» Task:
One exact copy of the listing, minus the images, is the required answer.

(Beginning of Collected data)

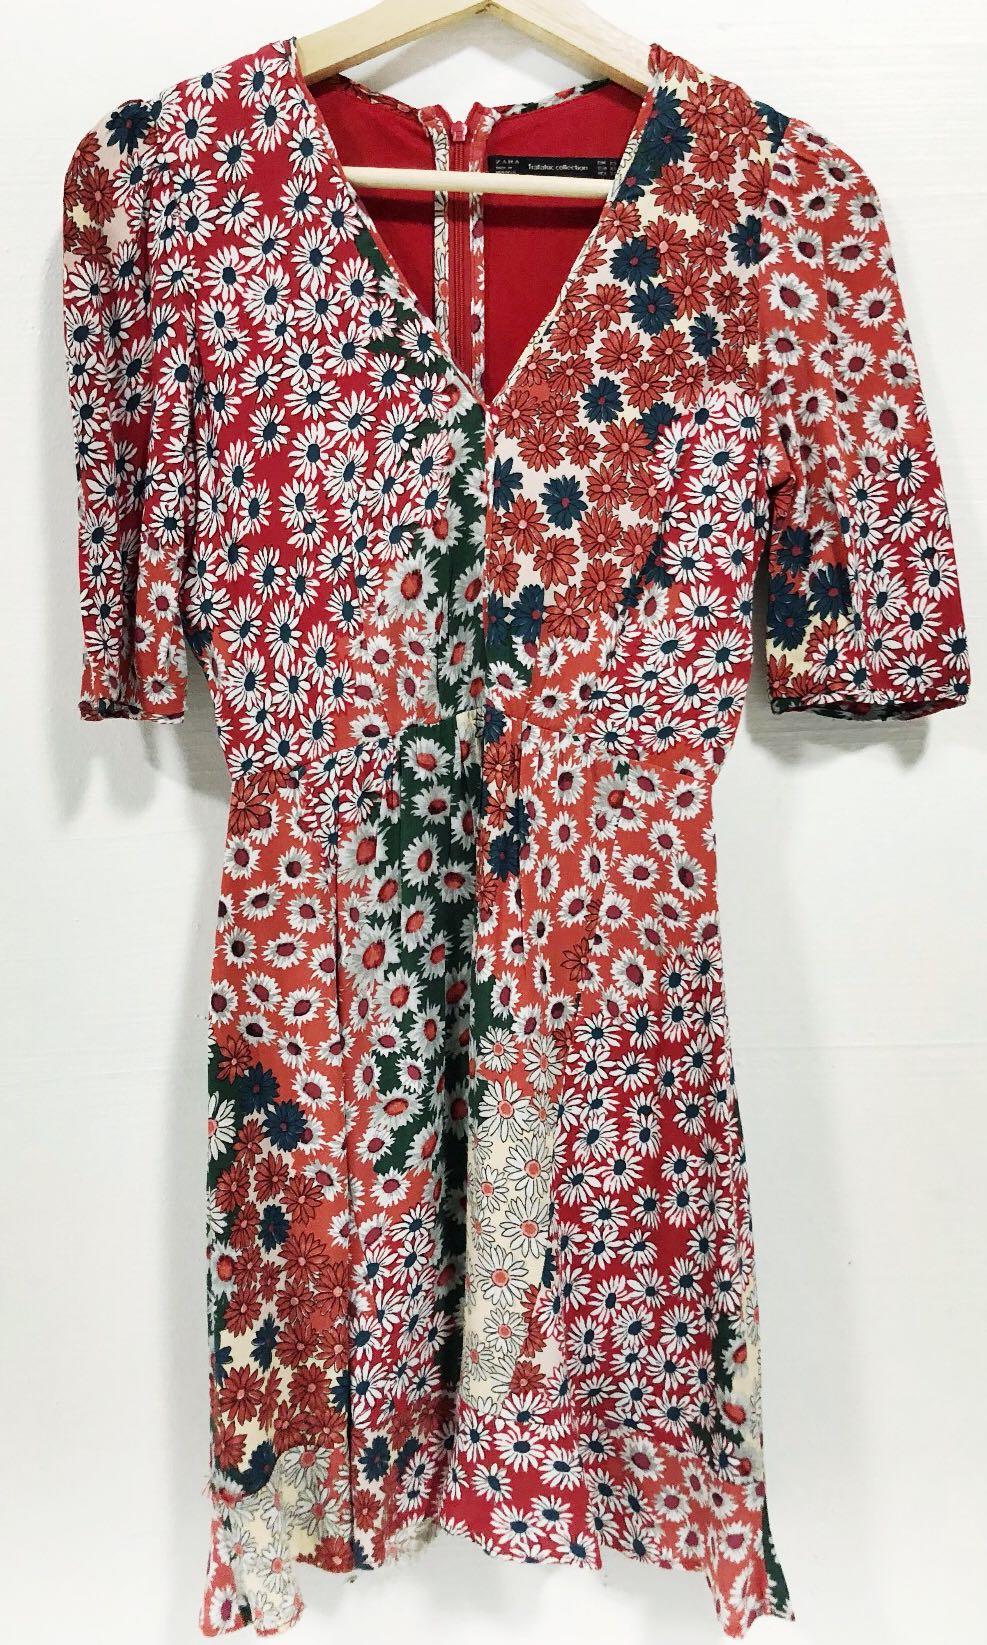 e7ffc49b3ce Zara TRF Floral V-Neck Dress (Authentic)
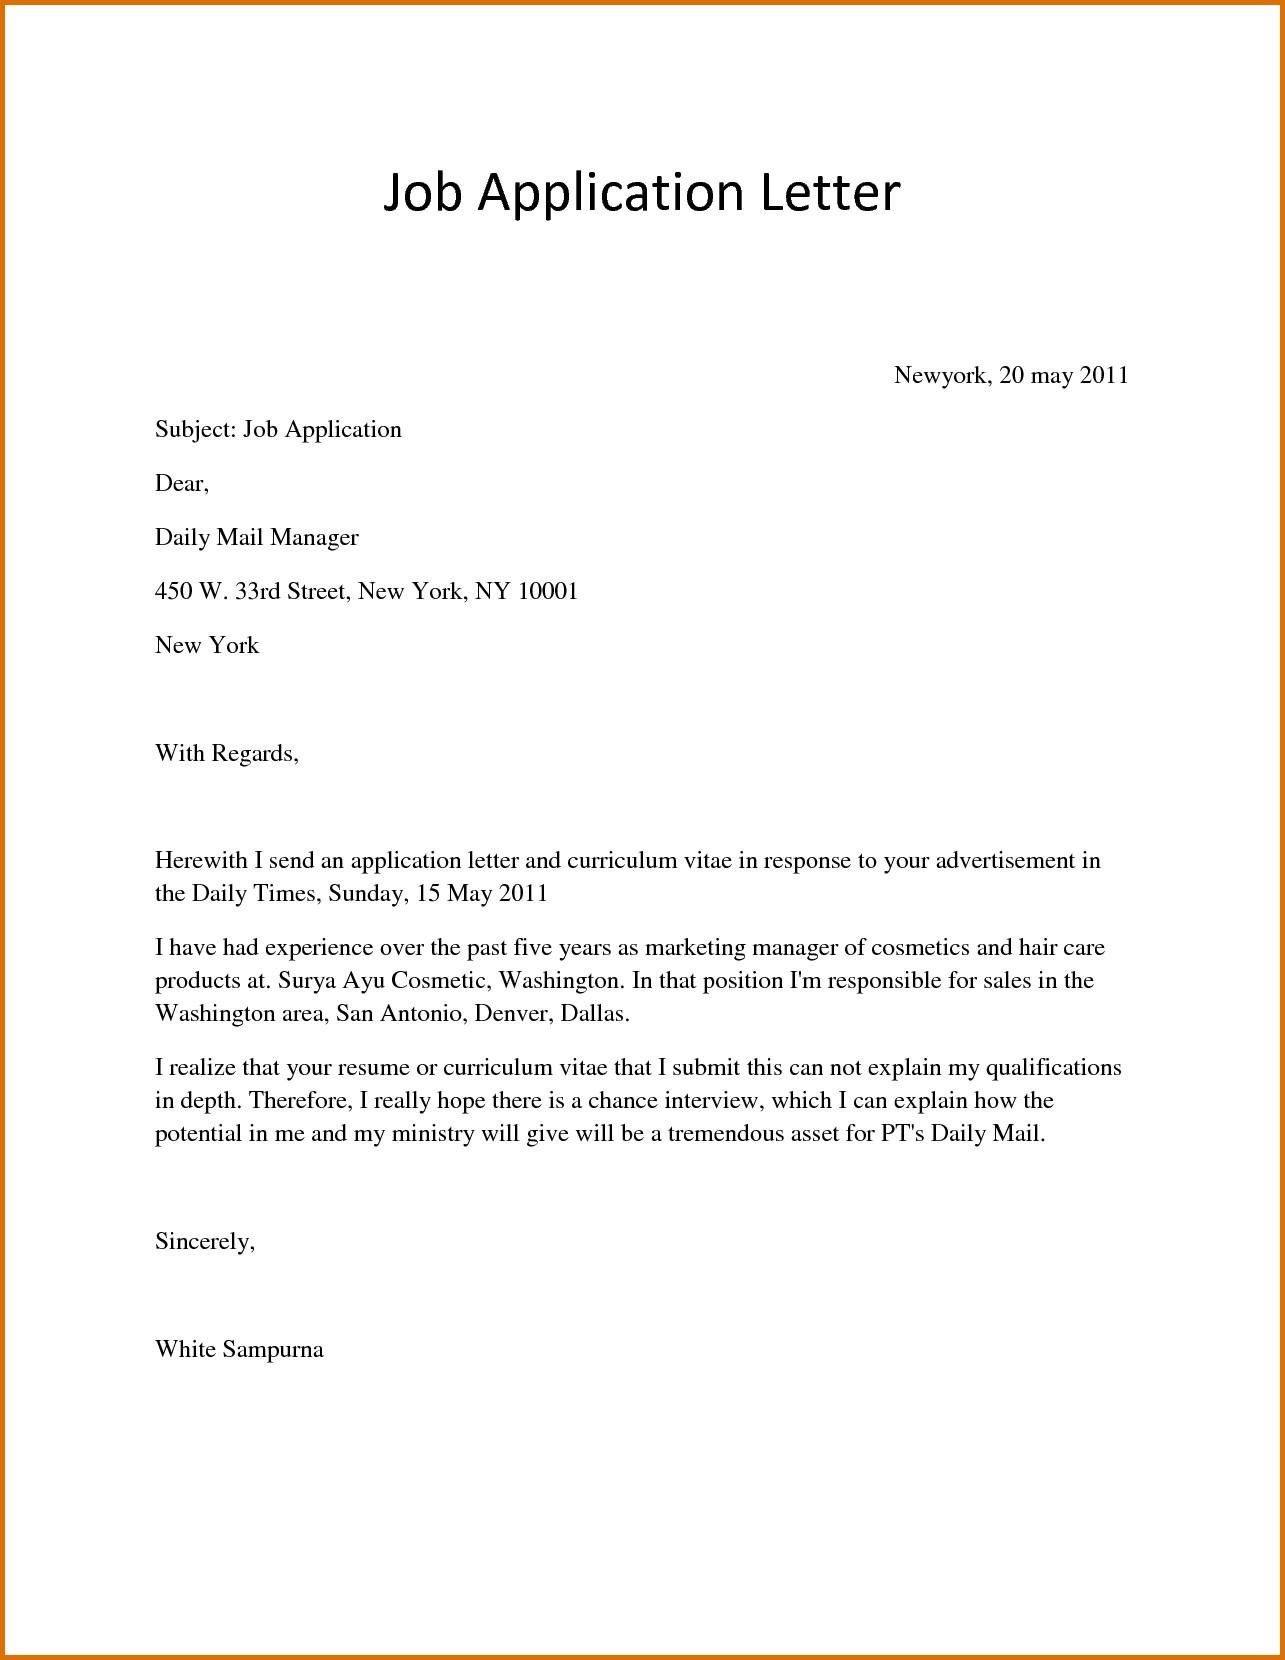 Vacancy Application Letter Sample on sample stay letter, sample sunshine letter, sample hostage letter, sample quarantine letter, sample disconnect letter, sample tenure letter,
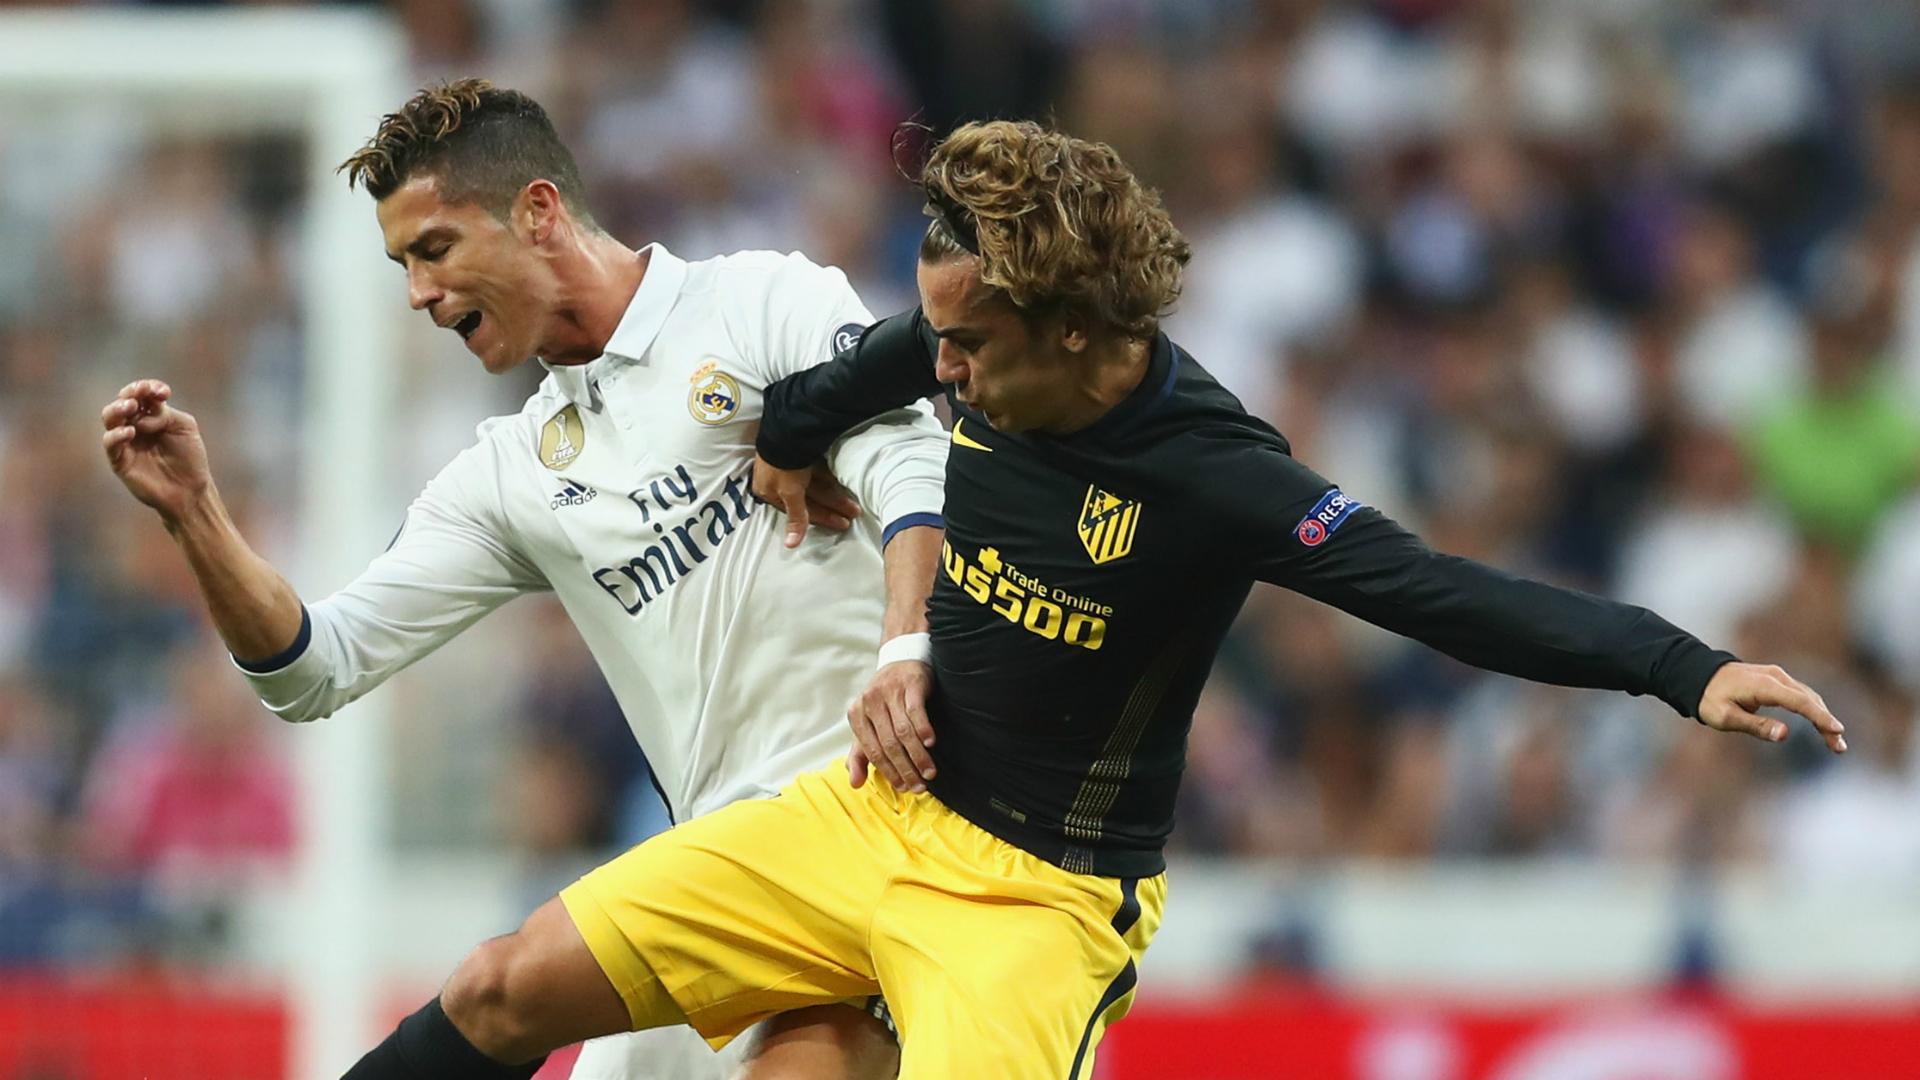 Cristiano Ronaldo Antoine Griezmann Real Madrid Atletico Madrid Champions League

(End of Collected data)

» Answer to the exercise:
 e7ffc49b3ce Zara TRF Floral V-Neck Dress (Authentic)
 Vacancy Application Letter Sample on sample stay letter, sample sunshine letter, sample hostage letter, sample quarantine letter, sample disconnect letter, sample tenure letter,
 Cristiano Ronaldo Antoine Griezmann Real Madrid Atletico Madrid Champions League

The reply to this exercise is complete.